# Uses for a dead standing willow oak?



## jeffreythree (Jan 9, 2008)

Looking for suggestions on what to cut them into. One is 12", cut down already, but did not have time to try the ripsaw on it. I gotta come up with a better method of pinning its rail to a log, it pops off too easy. The other is 24", clear to 20' or so, still standing. They both are starting to collect frass at the base, but have only been dead a month or less. I hate to just make firewood out of them, and I already have 8 dead wildlife trees near them, including a monster 48" post oak. The pond killed them when it stayed to high last year and drowned them. Also, I guess I do have some thorny honey locust, see pic. It looks really old and nasty, but only about 12".


----------



## Daren (Oct 14, 2006)

You got me on willow oak, we really don't have it around here. My thought would be cut one open and see ? If it looks good make some lumber. Boy that is a nasty looking honeylocust, much scalier bark than I am used to seeing.


----------



## Oscar (Jun 7, 2008)

Willow Oaks are considered the inferior variety of the Black Oak family, the wood is redish brown and not particularly attractive. It seems to have more in common with it's first namesake (Willow) than the latter (Oak). In the past it's been used (besides firewood) mostly for Farm/Ranch general use, fence posts etc ... .

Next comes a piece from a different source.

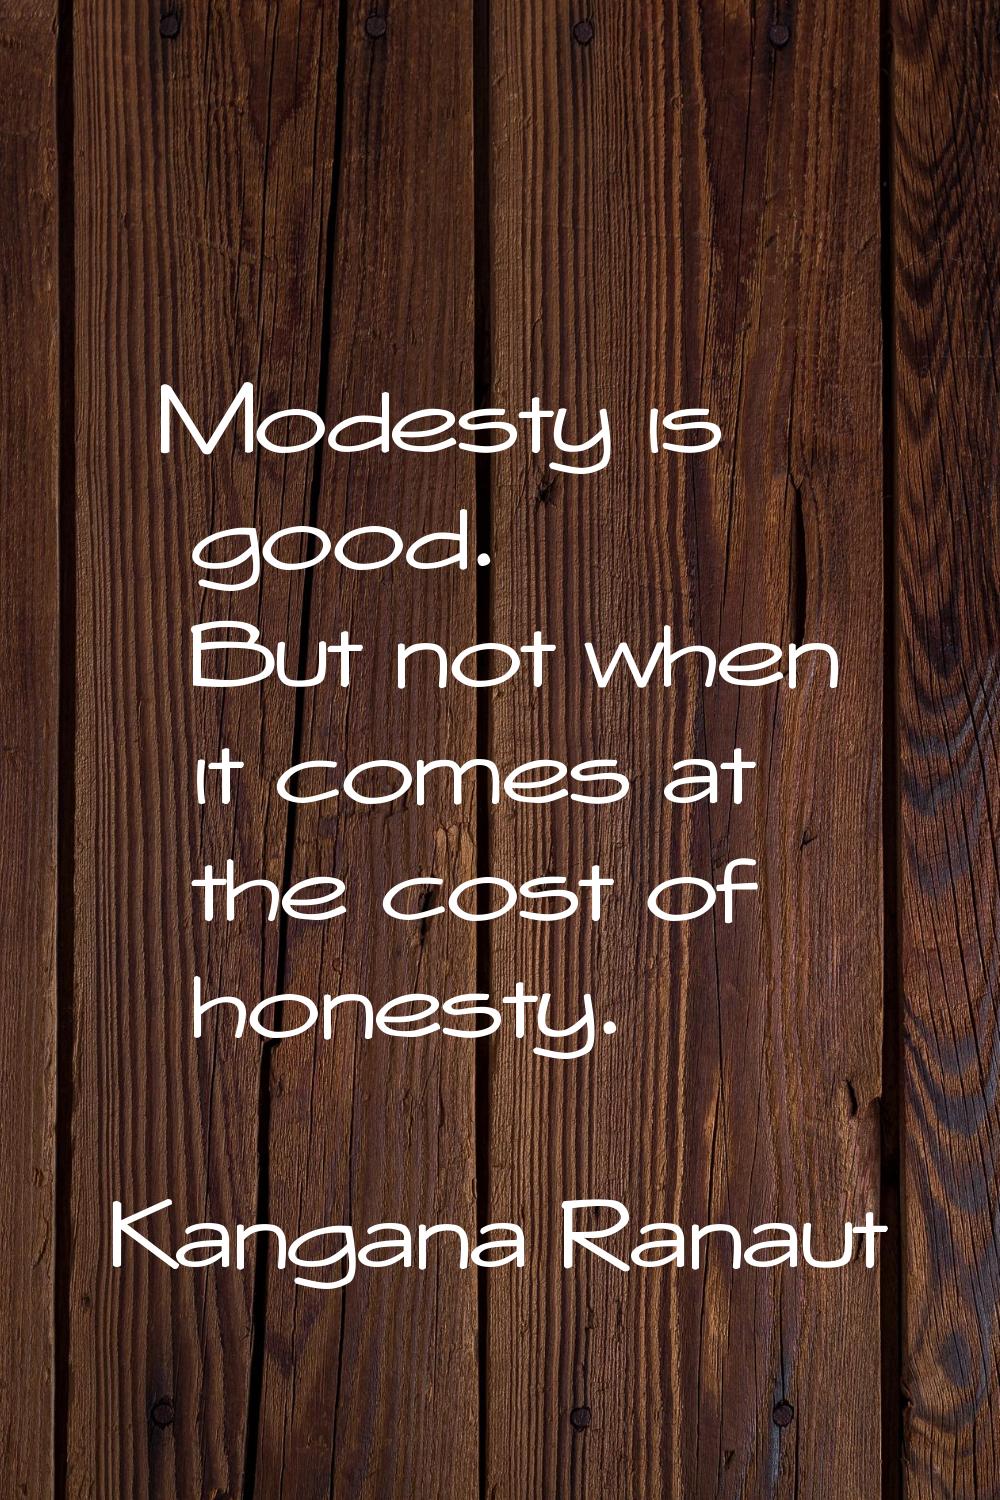 Modesty is good. But not when it comes at the cost of honesty.

Your Honey Locust (HL) looks menacing and as someone who has been up close & personal Too many times with them (2 inch of Thorn in left upper thigh) because of Horse ridding I have great respect for them. That said, I jump at the opportunity to miil it's logs and burn the remenents. It has a gorgeous Rose color, seems as strong as Oak and IMHO the very best heat producing wood. We heat exclusively with wood and I can never have enough of the HL on hand!!


----------



## dirtclod (May 7, 2008)

Yeah That's a wicked one. That bark got me too. Be careful not to drive over any thorns. Neighbor mowed a field that had a lot of them in it. He ended up with several flats, including the back tire of his tractor!

I haven't milled any willow oak. What I could find on it said it's used for general construction, RR ties and pulp.

Maybe mill yourself some material for a heavy/rough workbench and some timbers for building.


----------